Ese último recurso era también el nuestro y ahora yo lo sabía.
En mitad del invierno aprendía por fin que había en mí un verano invencible”.
Albert Camus.
He vuelto hace poco de un largo viaje, plagado de sensaciones encontradas y de auténticas aventuras. Y lo primero que hice al aterrizar en Montevideo fue correr a buscar a Camus, cuyas páginas recorro desde hace años, una y otra vez. Mi búsqueda no se debió a ningún azar. Estas palabras del escritor argelino francés, tan deformadas en las redes sociales, por desgracia, siguen siendo para mí un verdadero testimonio filosófico, de esos a los que se puede echar mano cuando la impotencia hermenéutica nos colma, y nos vemos asaltados por pensamientos demasiado confusos y desafiantes, relacionados con el paso del tiempo y de las estirpes humanas.
Vengo de un viaje largo, sí, pero vengo, más que nada, de un recorrido por los siglos y por los cruces de milenios. A pesar de que el continente americano se pobló hace al menos unos 16.000 años (hay teorías que se remiten a unos 30.000 años), y pese también a la poderosa influencia de las altas culturas americanas precolombinas, en los modestos lares rioplatenses no estamos habituados a codearnos con fenómenos tan venerables. Nada de eso. Bien sabemos que, si la propia Montevideo llegó a ser fundada, fue simplemente por razones estratégicas de España, encaminadas a cortarle el paso al competidor lusitano y evitar así que se echara bajo el brazo al estuario entero. Sea como fuere, al tratarse de una fundación tardía en el contexto del imperio colonial español en América, los uruguayos no tenemos a la mano ninguna antigüedad de renombre o de lustre que se remonte, con un poco de suerte, más allá de los cuatrocientos años. Ni qué decir de que nuestro casco histórico, Ciudad Vieja y parte de la Ciudad Nueva, araña apenas los tres siglos, y eso con mucha suerte (ni siquiera la casa natal del prócer hemos sabido preservar).

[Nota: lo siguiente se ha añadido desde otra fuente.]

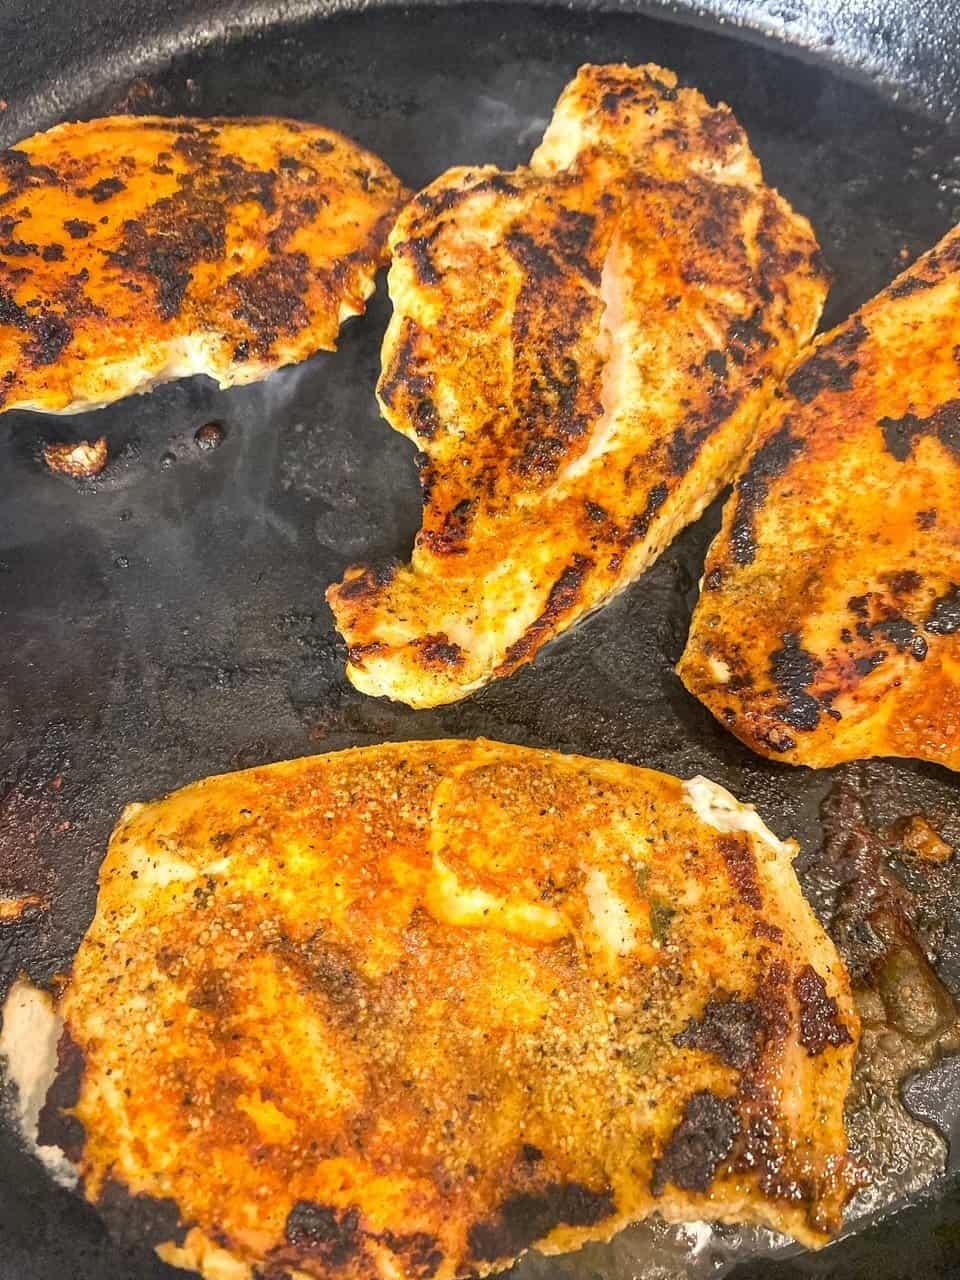 blackened chicken breast

Pero, habiendo tenido la oportunidad de acudir a ciertas regiones tan ignotas como extrañas, situadas en Grecia continental y en la Turquía profunda, me encontré, de manera imprevista, rodeada de susurros casi interminables, que se alzaban ante mí con la mayor naturalidad del mundo, entre vestigios de arcos portentosos, bibliotecas, palacios, mercados, residencias, cuarteles, basílicas, plazas y murallas. Hablo de ciudades como Éfeso, situada en una región crucial de Asia Menor, con un importante puerto comercial con salida al mar Egeo y a todo el Mediterráneo.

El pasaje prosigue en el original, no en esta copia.